Growing up with a health and safety professional as a father, my development could’ve gone one of two ways. There’s still a teenage punk fan somewhere inside me screaming “rebel, stick it to the man”, but given that I run a consultancy focussed on engaging organisations in better safety culture I’ve picked up attitudes that you might deem more laudable as safety excellence.
Death wish
I was initially stunned by an article in the Guardian entitled ‘Cycle helmets – I defend to the last the right not to wear one’. I find it unimaginable that anyone would ride a bike without a helmet. I frequently tut to myself like Steve when I see families riding their bikes in the park, parents without helmets yet their kids with.
I berate my friends if they dare to even consider cycling without head protection and I’ve already begun the battle with my son to make sure he wears a helmet whenever he’s on wheels. Even those promotional ads for the ‘Boris bikes’ scheme in London make me positively bristle with rage when I see smiling people cycling through the city with no helmets on.
Will this potential law to force people to wear helmets help? I certainly think so, but law or no law I’ll still make sure everyone I know (myself included) wears a helmet whenever venturing out on a ride.
What the facts say
Delving into the evidence base for and against the use of helmets whilst cycling, it’s fascinating to find that the rational case is less clear cut than you might think.
Does this shake my belief in helmets? Well, there seems to be the rather obvious fact that if you fall off your bike onto your head, surely you’re better served with protection around it than none?
Yet here was a, presumably, intelligent journalist, with horrific facial and bodily injuries, objecting to a new law because of civil liberties and a less than compelling statistical evidence base.
There’s more to getting people to act safely than rules and regulations alone.
Confirmation bias
This is a classic case – where people have a tendency to favour information which confirms their attitudes, values and beliefs and resist changing their minds despite information to the contrary.
And this presents a big problem in the workplace because people think that imposing safety rules alone will do the job. Lots of head injuries? Simple solution: let’s make hard hats mandatory wherever people work. But that’s rarely enough.
With the wrong attitudes people will rally against this approach – kicking and screaming because they simply don’t want to be proven wrong. So it’s this attitude that you must focus upon, not the rule.
Tough isn’t it? Look on the positive side though; once you get the right attitudes it creates confirmation bias in the opposite direction, so back-pedalling ceases to be an option (providing you grow a supportive safety culture of course!).
You sound like a bundle of laughs, “berating” your friends and “battling” your son, “bristling” with rage when you see happy people on bikes.
Where helmets are made mandatory, cycling falls off overnight. In Melbourne, Australia, cycling declined by 30% when helmet laws were introduced. This has a direct effect on physical health (heart disease, diabetes etc) and so no lives are saved by mandatory helmets – the increased deaths from disease outweigh the marginal benefits from helmets. Let’s not even get into the deaths and injuries caused by increased air pollution and car use as more people find they have no alternative but to drive.

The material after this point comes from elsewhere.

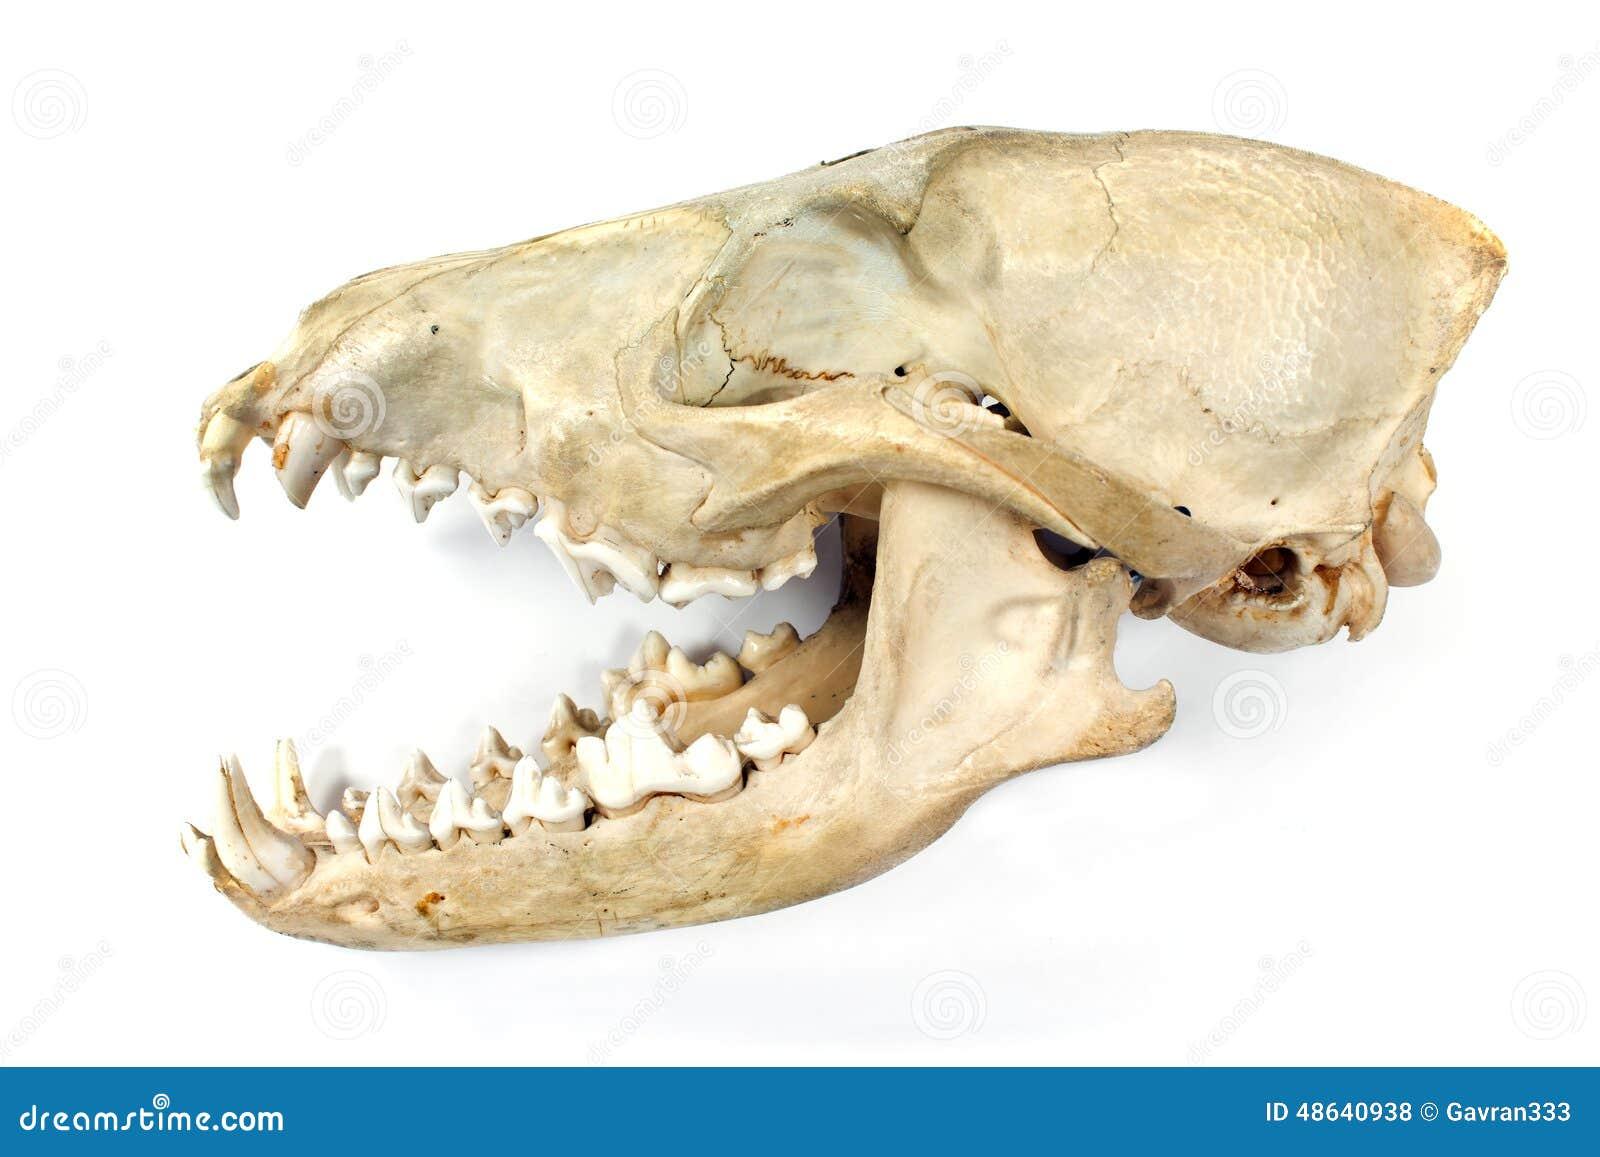 Canine jaw anatomy 766225 - follow4more.info
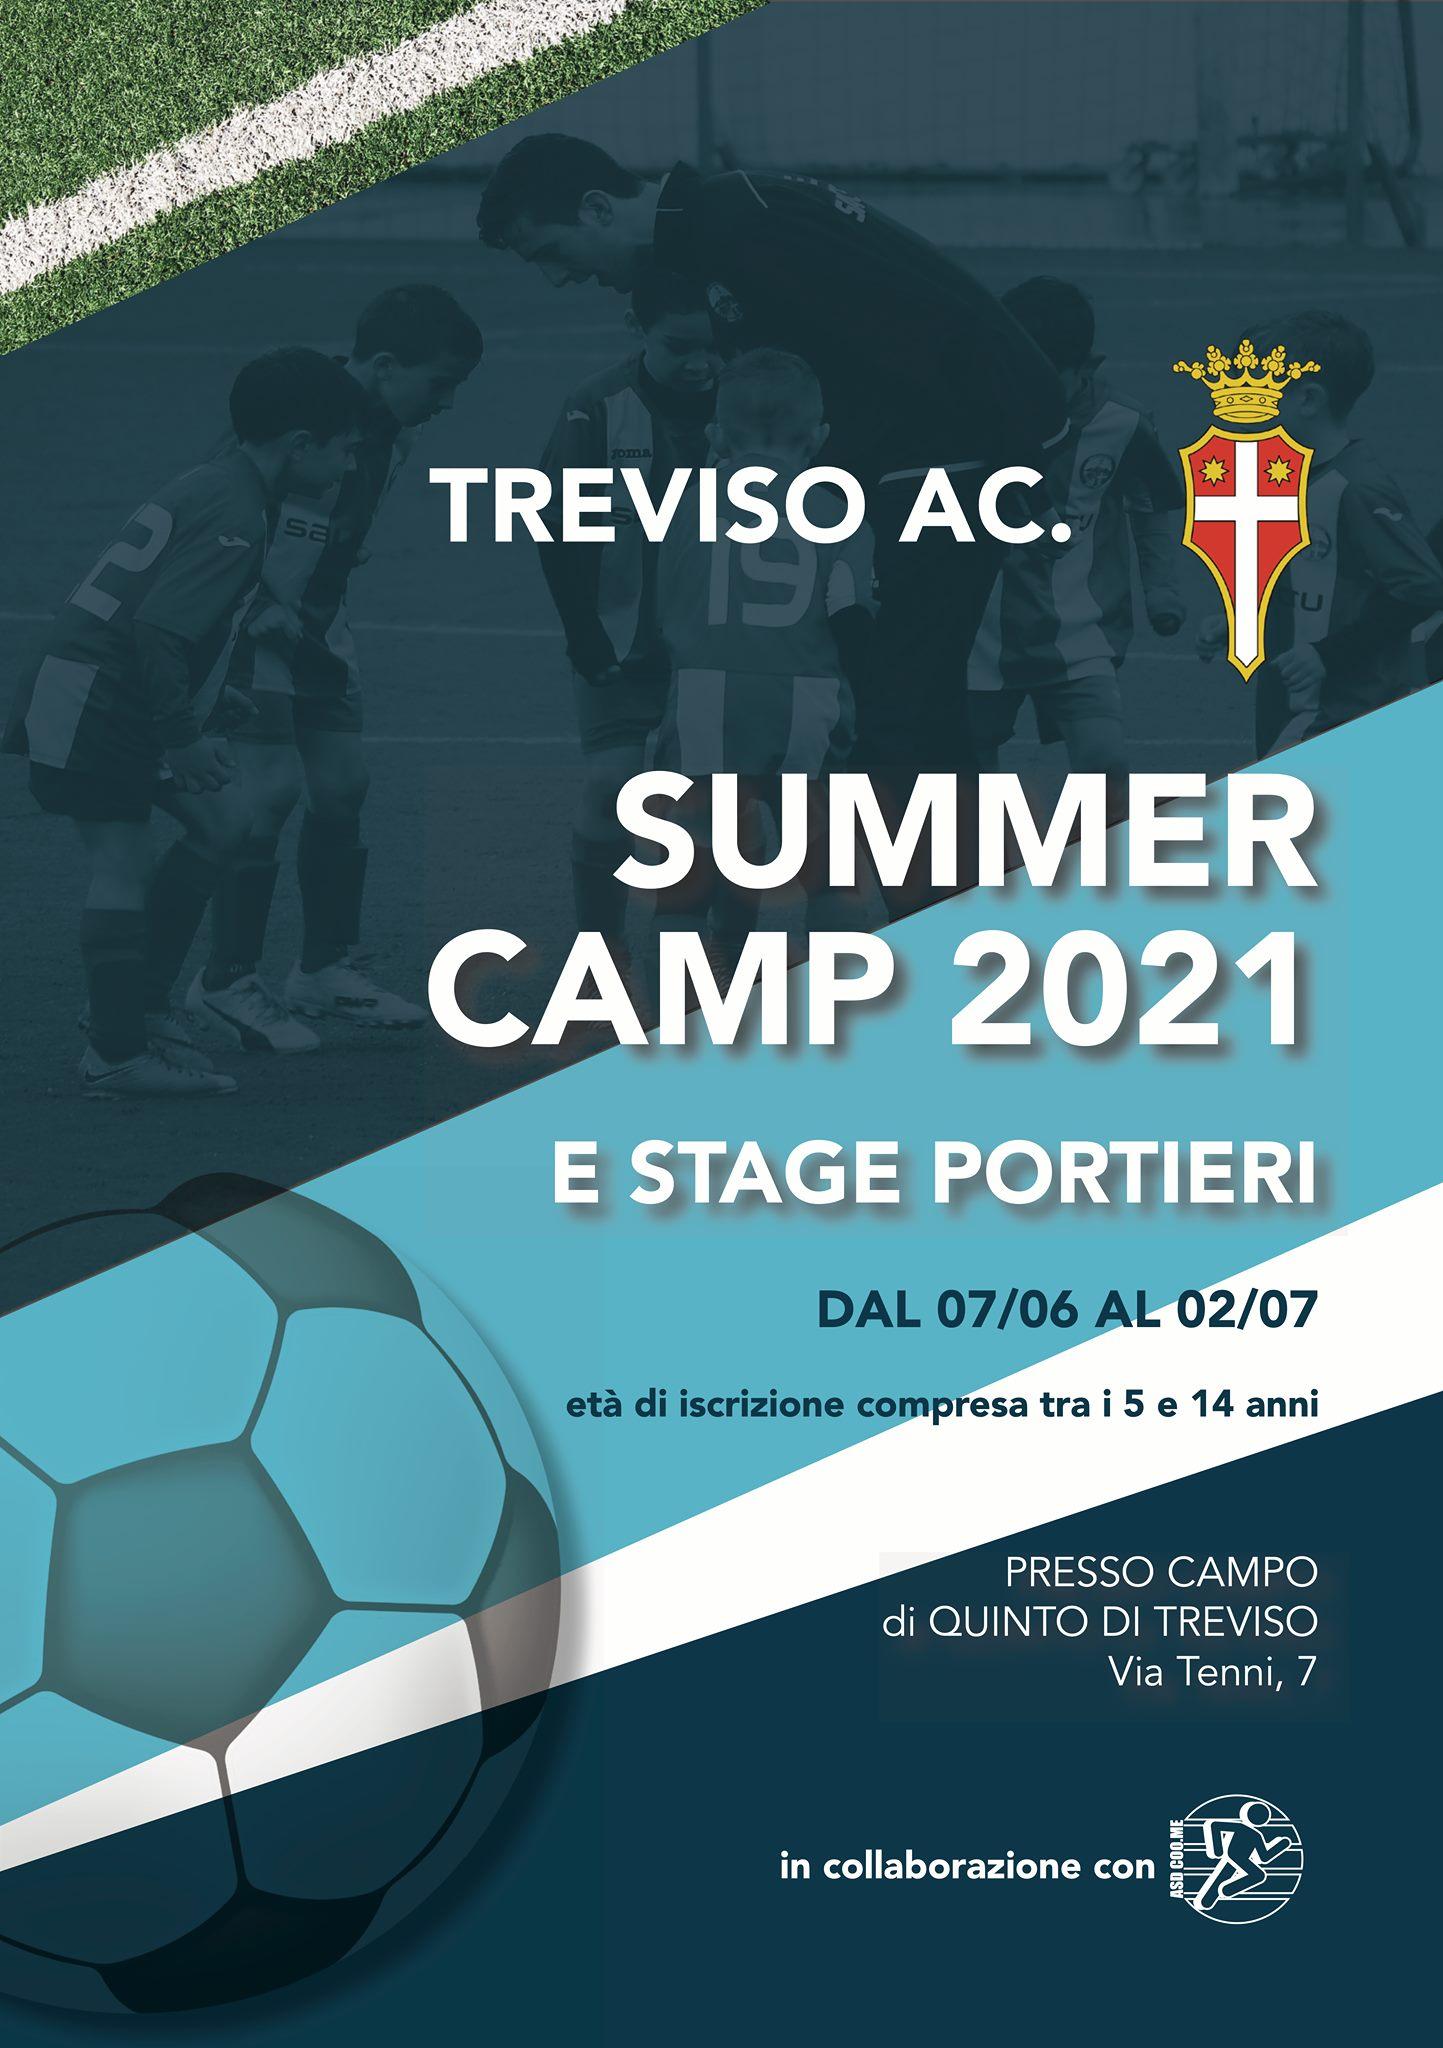 Treviso campo 2021 1

There is not even any compelling evidence to show a reduction in head injuries when wearing a helmet, so it’s your opinion which has a “less than compelling statistical evidence base.” Why don’t motorists and pedestrians wear helmets? Both suffer head injuries in accidents, so surely they’d be better off with them than without? Also, how do cycle hire schemes work if helmets are compulsory – do you want to wear a sweaty second-hand cycle helmet when you hop on a Boris Bike? This is a real issue in Vancouver, Brisbane and Melbourne where compulsory helmet laws have scuppered bike hire schemes. Better just use the car, I guess!
You need to chill out and start respecting other people’s decisions. It’s my life and my head and (believe it or not!) I can do what I want with either.